Businesswoman from Northern Ireland

Tina McKenzie MBE (born 1973) is a business executive and former politician from Belfast in Northern Ireland.

==Early life==

After graduating from the University of Ulster, McKenzie started her career co-ordinating job-skills programmes for the rehabilitation of ex-offenders, working with NIACRO, Extern, and the Probation Board for Northern Ireland (PBNI).

McKenzie undertook further studies at the Tilburg University Business School and IESE Business School at the University of Navarra. McKenzie also undertook further study at the William J. Clinton Leadership Institute at Queen's University Belfast, completing the 'Leading Effective Boards' Programme in 2015.

==Political life==
McKenzie returned to her native Northern Ireland in 2013 to set up Staffline Group (Ireland). Shortly after her return she joined newly formed political party NI21 and was appointed its first chair. McKenzie described herself as believing in the maintenance of the union of Britain and Northern Ireland, principally for economic reasons.

NI21 selected McKenzie as their candidate for the European election of 2014, proposing to support the region in Europe and promote jobs and economic growth. She also stood for Belfast City Council in the Balmoral electoral area gaining just 256 first preference votes, a little under 3% of the overall first preference votes cast. She received more than 10,500 first-preference votes in the European election, gaining 1.7% of the vote, well below the threshold for election.
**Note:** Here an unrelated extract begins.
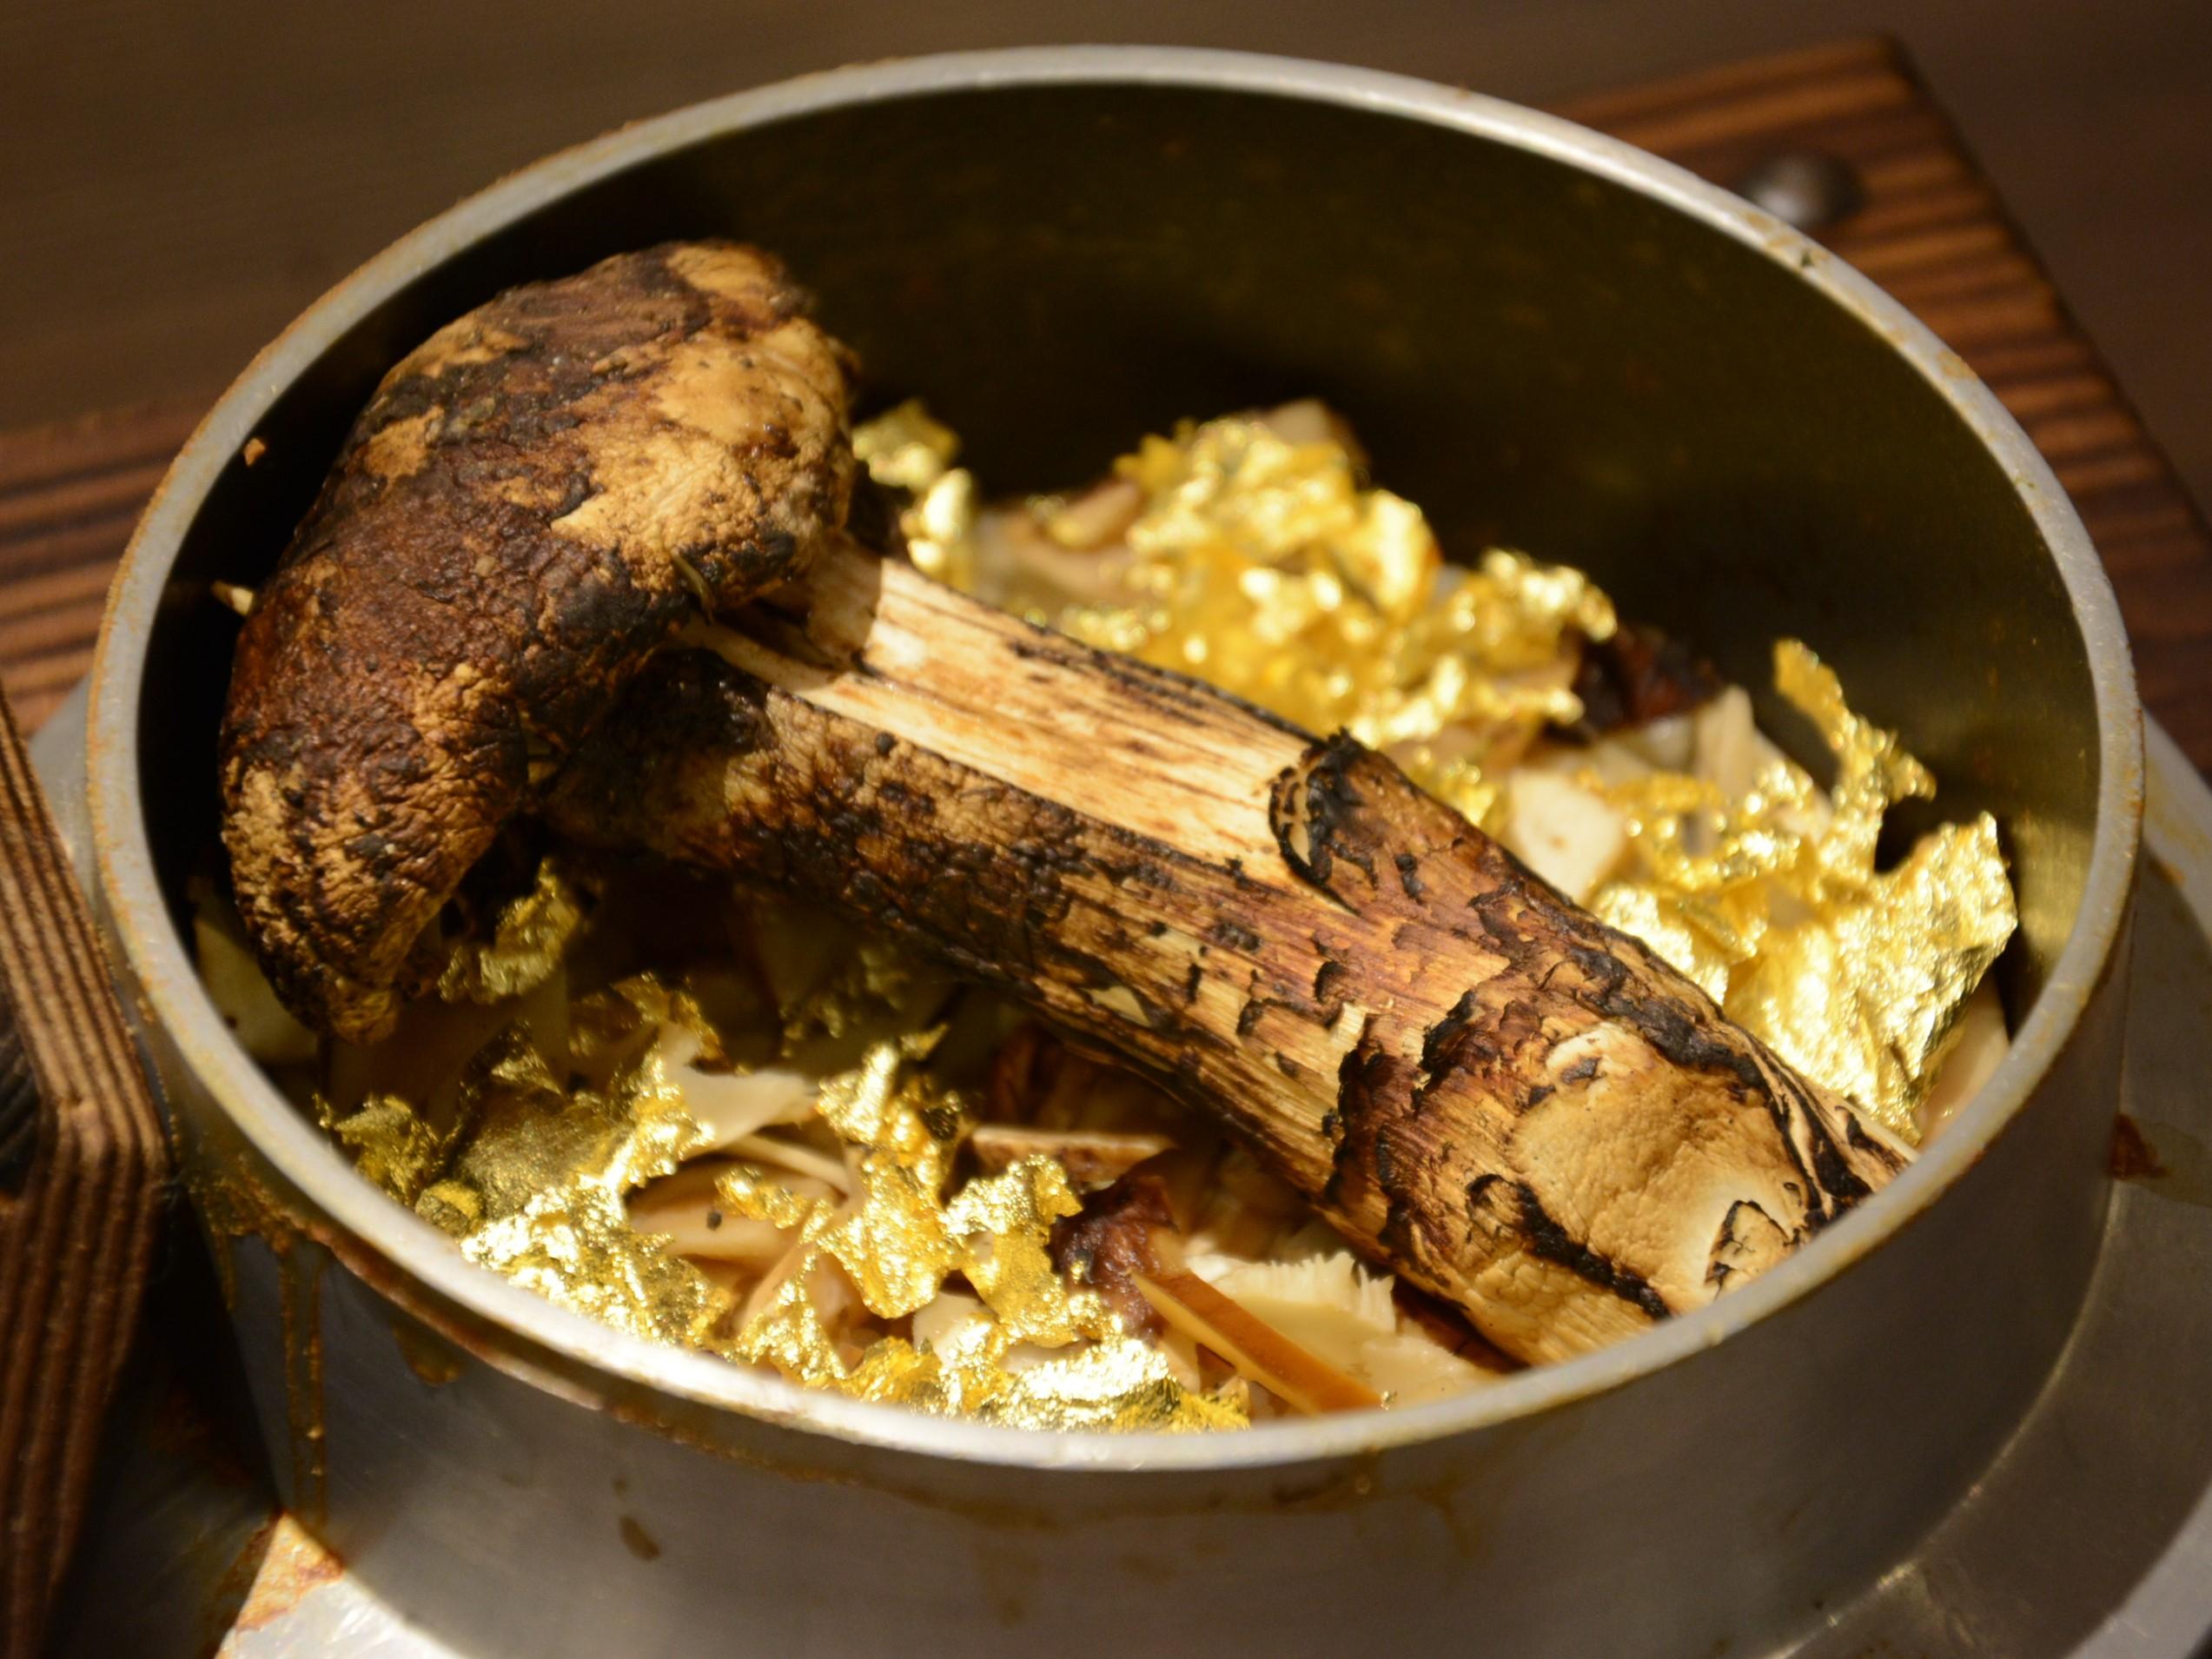 贅沢すぎる!金箔の上に松茸をまるごと1本のせた『黄金釜飯』が「米福 あべのルシアス店」にて10月5日(金)提供開始

On the night of the election, some figures within the party resigned, including McKenzie, following allegations of misconduct made against party leader Basil McCrea. Shortly after, McKenzie announced she was leaving politics on the grounds that she was disillusioned.

==Business life==
In 2017 McKenzie was appointed the Honorary Consul to Finland in Belfast. Her consular roles include promoting economic, political, academic and cultural relations between the Nordic region and Northern Ireland, and monitoring the rights of Finnish citizens in the area. In this role, McKenzie introduced Irish President Michael D. Higgins when he delivered the Harri Holkeri Lecture at Queen's University Belfast in 2018. The same year, McKenzie was appointed the chair of the NI Policy Forum for the Federation of Small Businesses in Northern Ireland. McKenzie's appointment to the role ensured that Northern Ireland's four key business lobby groups—the Institute of Directors, the Northern Ireland Chamber of Commerce, the Confederation of British Industry and the FSB—were all headed by women. McKenzie previously held the position of Regional Director (Northern Ireland) for the Recruitment and Employment Confederation (REC), the governing body of the recruitment industry.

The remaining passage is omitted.